Onlara göre Türkler; zorla ve canlarını kurtarmak için Müslüman olmuşlardır. Zorlamalara karşı koyanlar ise katledilmiştir. Katledilenlerin sayısı 40.000’in üzerindedir. Esir alınanlarla savaşta ölenlerin sayısı 100.000’leri bulmaktadır. Bu bilgiler, 838-923 yılları arasında yaşayan Ebu Cafer Taberi’nin, 4 Ciltlik ‘Tarih-i Taberi’ isimli kitabında yer almaktadır. ‘Materyalist dünya görüşünü savunduklarını’ itiraf eden sözde ‘aydın’lar, bu kaynaktan aldıkları bilgilerle yetiniyorlar.
Kaynaklar, Taberi’nin; İran’da bir bölge olan, günümüzde ‘Mazderan’ adı ile anılan Taberistan’da doğmuş ‘Müslüman ilim adamı’ olarak tanıtıyorlar. O’nun Musevi asıllı olduğu da iddia edilmektedir. Tarih-i Taberi’de, ‘Müslümanların eli kanlı katiller’ Arap ordularının ‘sömürgeci’, ‘cinâyet şebekesi’, komutan ve valilerin ise; ‘servet düşkünü’, ‘hilebaz’ olarak tanımlanmış olmasına bakılırsa, Müslümanlar hakkındaki düşünceleri olumlu değildir.
İşin kötüsü; İslamiyet’e ve Türklüğe mesâfeli, sol kültürden beslenen kalem erbabının ‘Türkçü ve İslamcı’ olarak sözüm ona aşağılamaya çalıştıkları bir profesörümüz de Taberi’den alıntıladıklarını abarta-köpürte kitaplarında yazarak, Türk-İslam birlikteliğinin aleyhinde olanlara koz vermiştir. Her ne kadar, bir televizyon programında; ‘Emr-i Hakk vaki olduğunda, yazdıklarından dolayı hesaba çekildiğinde işinin zor olacağını’ itiraf etti ise de atı alan Üsküdar’ı aşmış, iddialar artık ‘kanaat’e dönüşmüştür. Millî-manevî değerlerimize bağlı ilim adamlarımız, yapacakları ciddî araştırmalarla ulaşacakları neticeleri kamuoyuna yansıtmakta geç kalırlarsa, kanaatler, ‘bilgi’ hâline gelecektir. İddialar kanaate, kanaatler bilgiye dönüştükten sonra bir kısım insanlarımızın gerçekleri biliyor olması neticeyi değiştirmeyecektir. Mehmet Âkif Ersoy’un dediği gibi; ‘Haklı olmak başka haklı çıkmak başkadır. Haklı çıkmak için kuvvet lazımdır. Kuvvetiniz varsa, hakkınızı verirler. Kuvvetiniz yoksa onların insanlık duygusuna, medeniyet anlayışına ilticaya kalkmakla bir şey elde edemezsiniz.’

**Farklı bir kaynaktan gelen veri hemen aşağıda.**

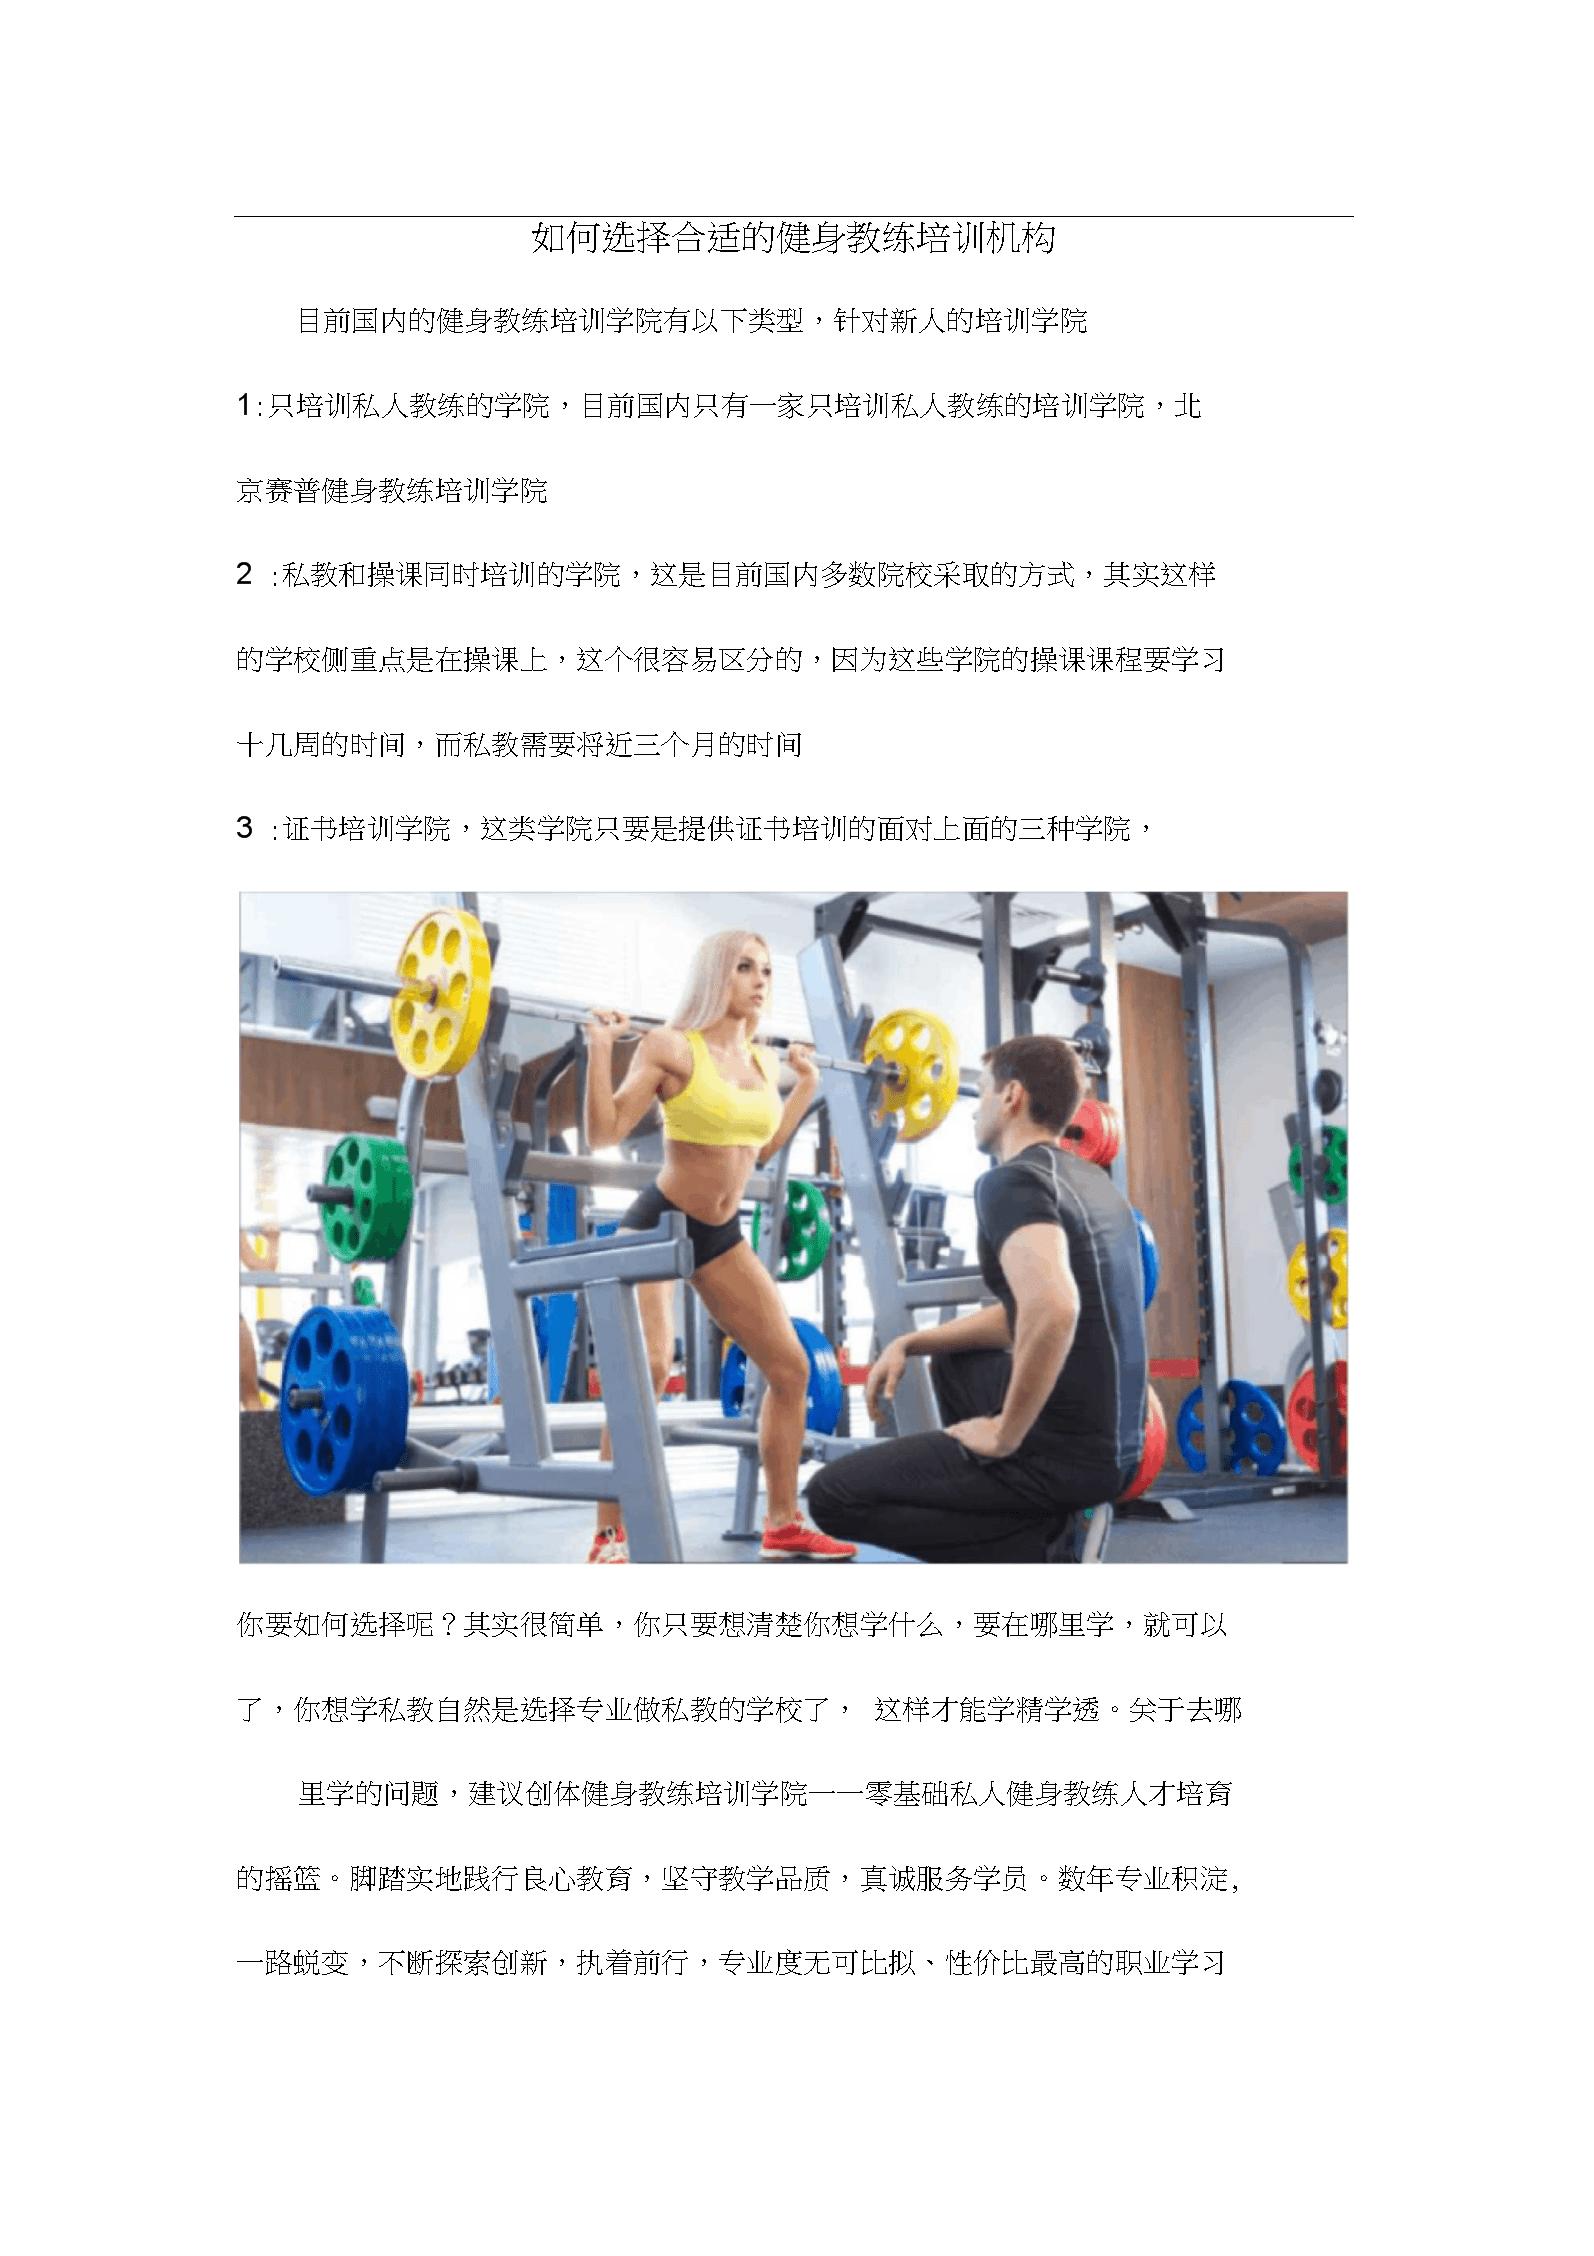 如何选择合适的健身教练培训机构.docx

Temelsiz-asılsız bilgilerin oluşturacağı İslam aleyhtarlığının sebebiyet vereceği tahribatın derecesini önceden kestirmek mümkün değildir.
Türkler nasıl ve niçin Müslüman oldu?
Türklerin nasıl ve niçin Müslüman olduklarına dair düşünceleri 3 grupta toplamak mümkündür:
1-Türkler, kılıç zoru ile Müslüman edildiler, canlarını kurtarmak için İslamiyet’i kabul etmek mecburiyetinde kaldılar.

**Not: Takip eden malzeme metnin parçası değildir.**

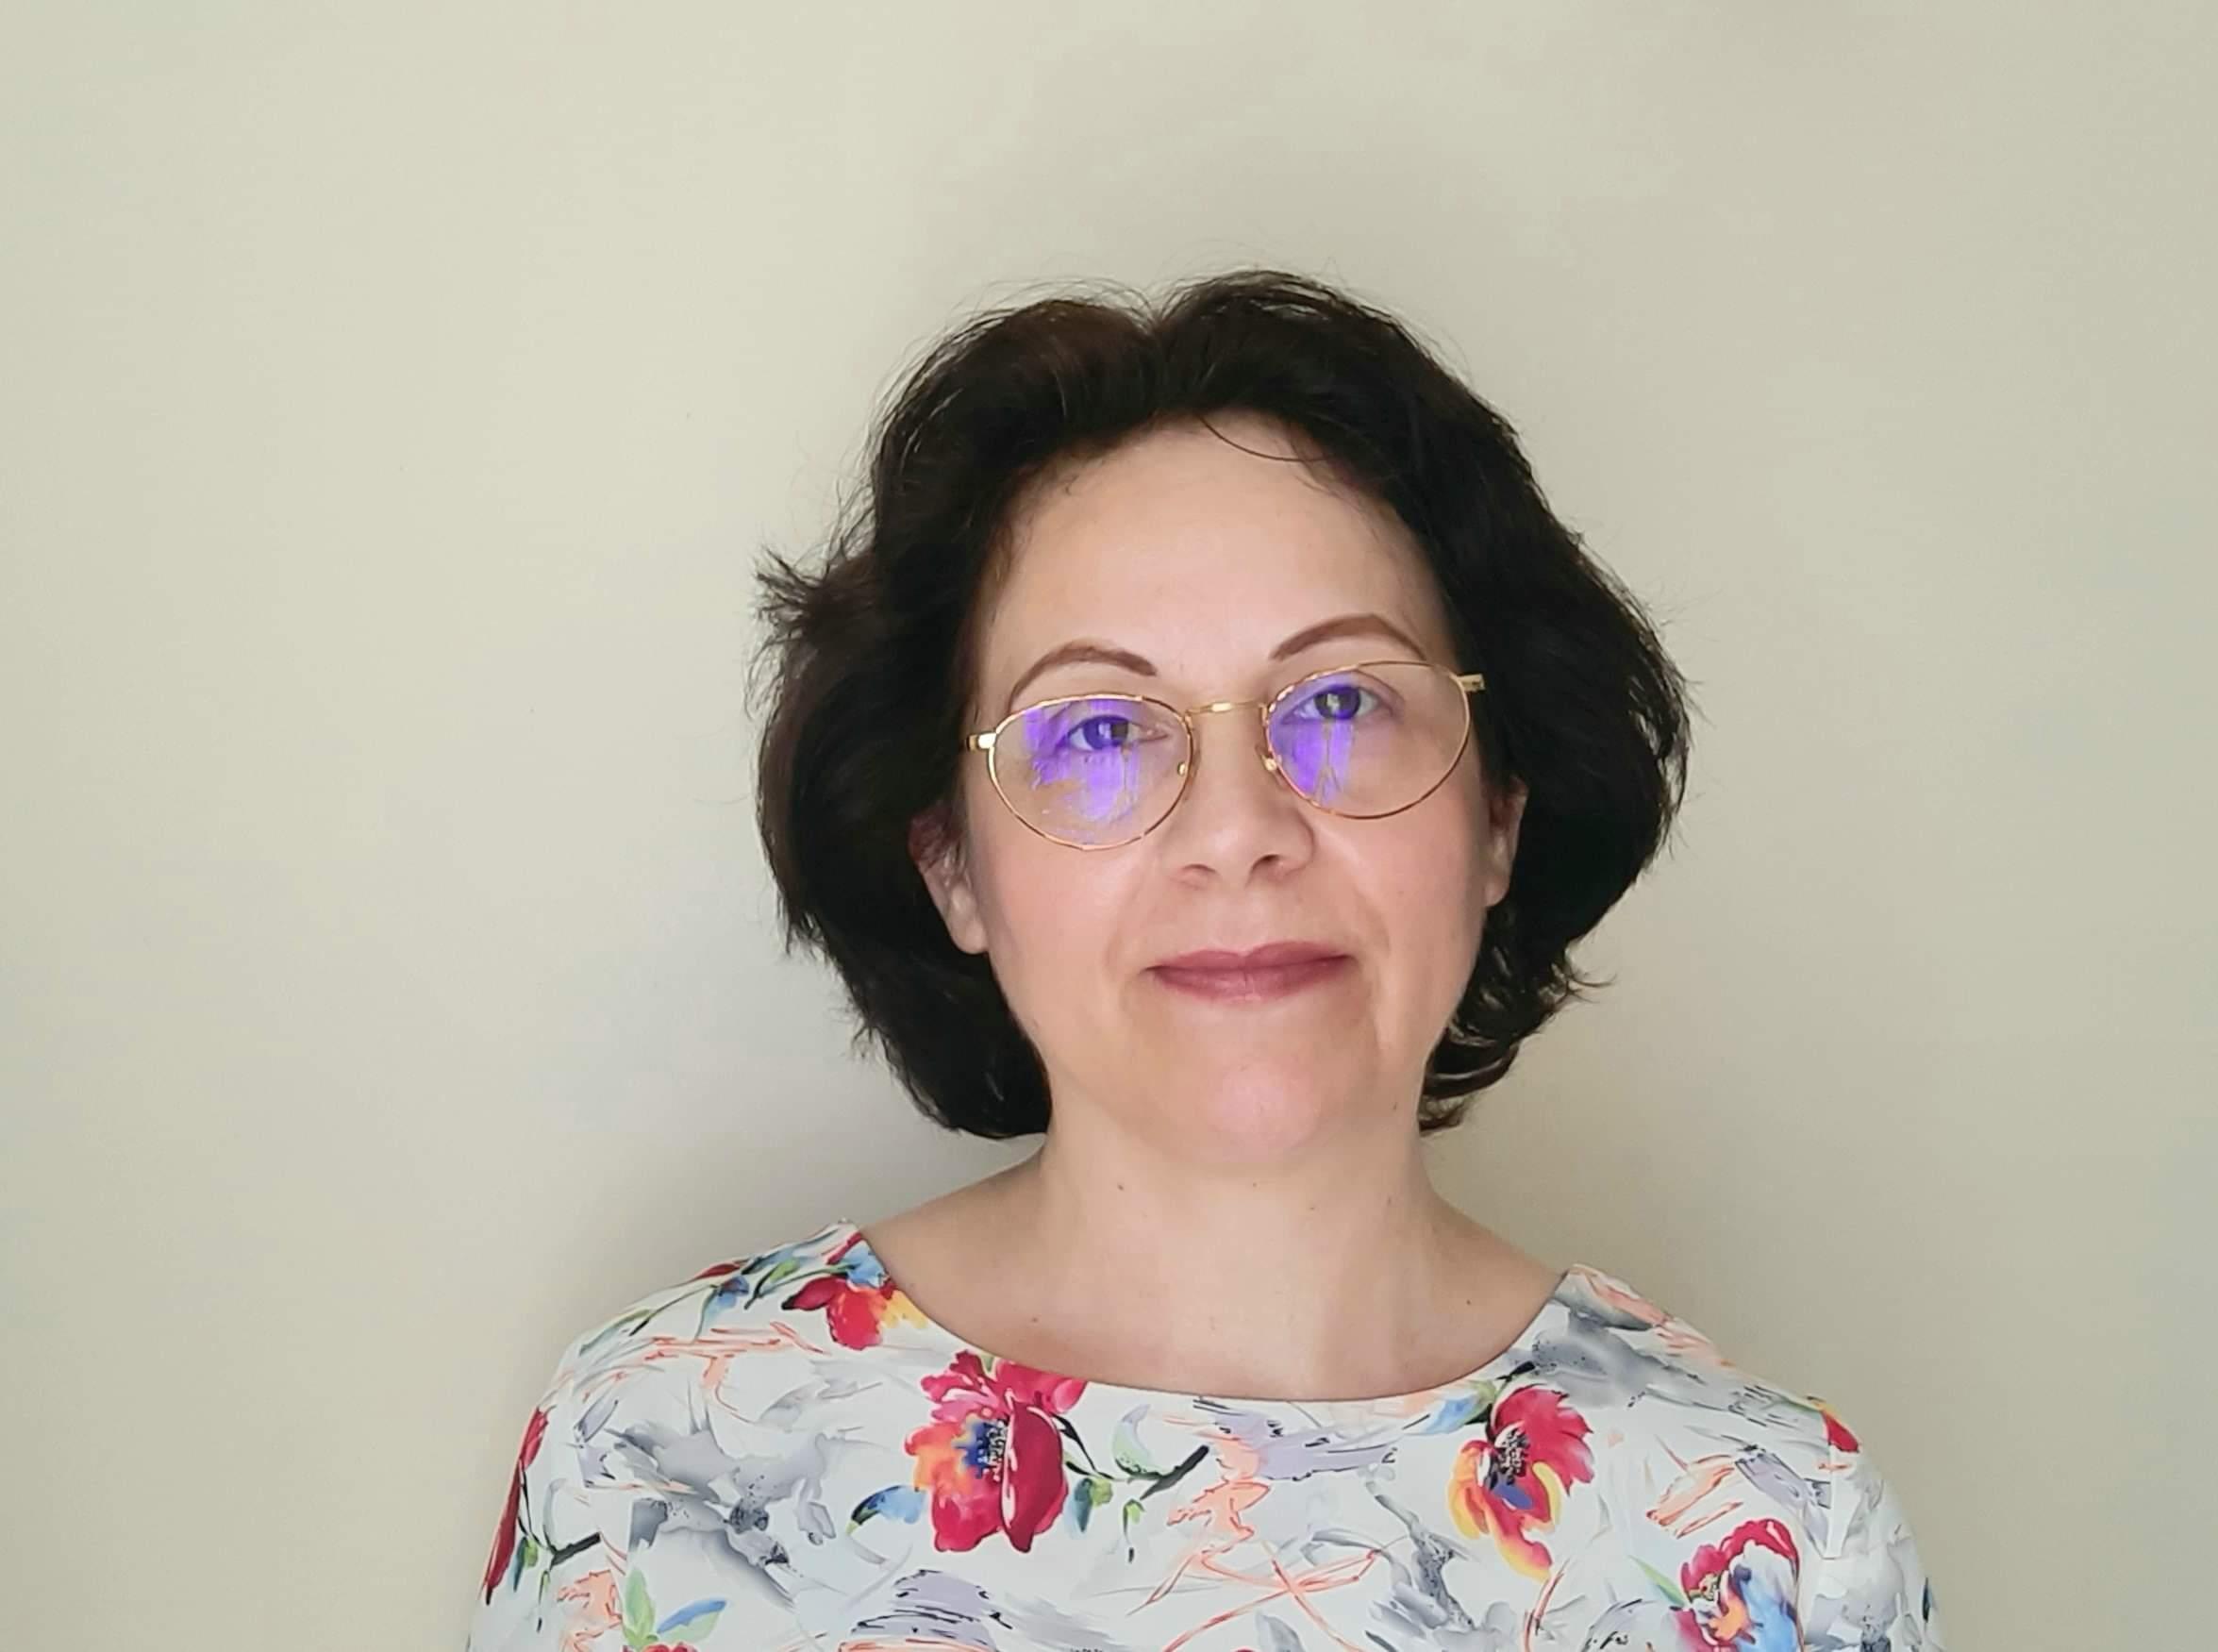 Învățătoarea Simo Florea din Remetea, Bihor

2-Türkler; 751 yılında Çinlilerle giriştikleri Talas Meydan Savaşı’nda Müslüman ordularından yardım gördükleri için Müslüman oldular.
3-Türkler tarih sahnesine çıktıklarında Müslüman idiler. İslamiyet nâzil olduktan ve Müslüman sûfiler aracılığı ile İslamiyet hakkında bilgi edindikten sonra Müslümanlıklarını güncellediler, aktifleştirdiler.

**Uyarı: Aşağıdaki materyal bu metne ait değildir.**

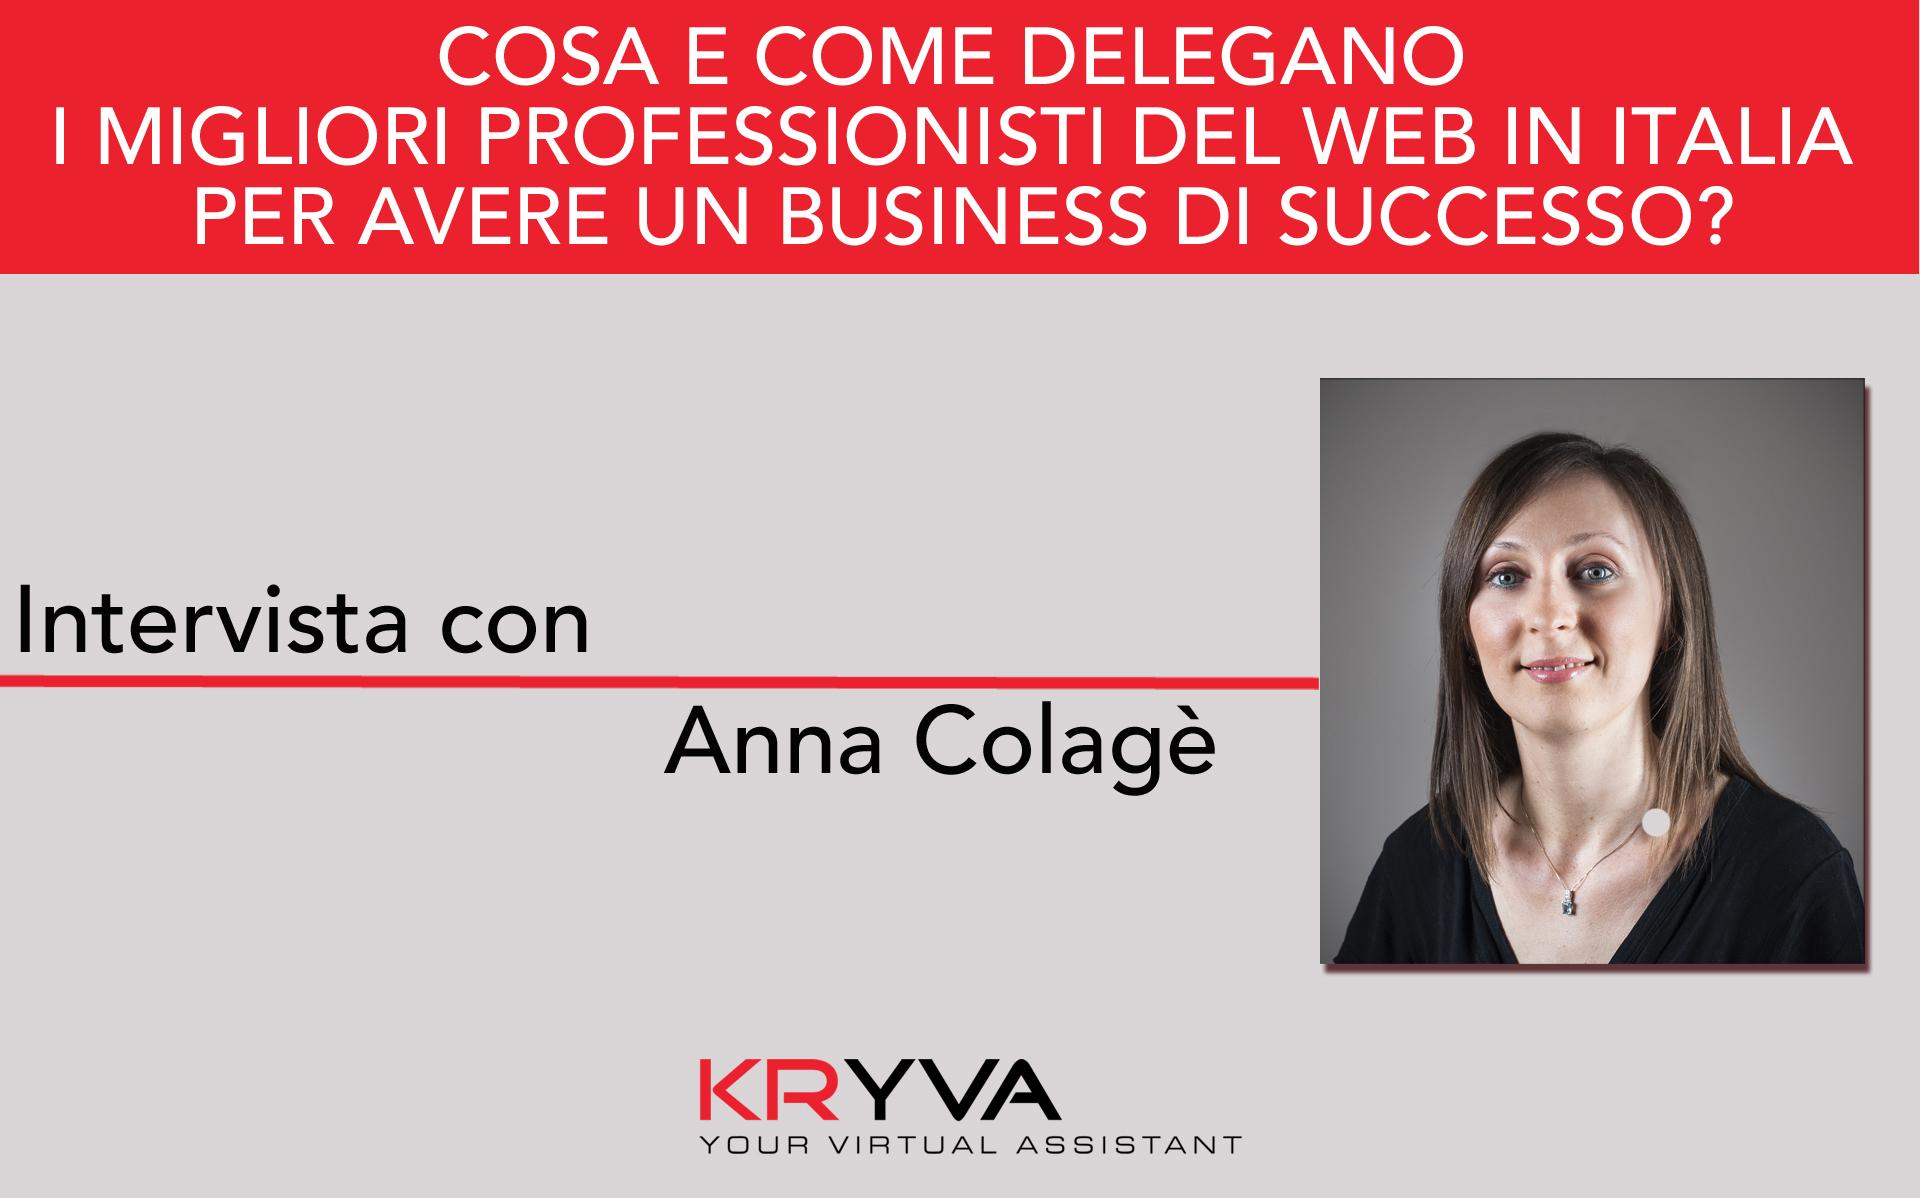 COSA E COME DELEGANO I MIGLIORI PROFESSIONISTI DEL WEB IN ITALIA PER AVERE UN BUSINESS DI SUCCESSO?INTERVISTA CON ANNA COLAGE'

Bir kısım insanlar diyebilirler ki; ‘Nasıl olur? İslamiyet 610 yılında nâzil oldu. Türkler ise Milattan, kimilerine göre 4.000 yıl, kimilerine göre 40.000 yıl önce tarih sahnesine çıktılar. O dönemlerde İslamiyet yoktu ki…’
Onlar öyle sansınlar. Hz. Âdem, ilk Türklerden çok önce yaratıldı. O, ilk insan olduğu gibi, ilk Müslüman ve ilk peygamberdi de. Onu yaratan güç, Allah’ü azimüşşan idi. Allah’ın varlığı ve Bir’liği Müslümanlığın var olduğunun göstergesidir.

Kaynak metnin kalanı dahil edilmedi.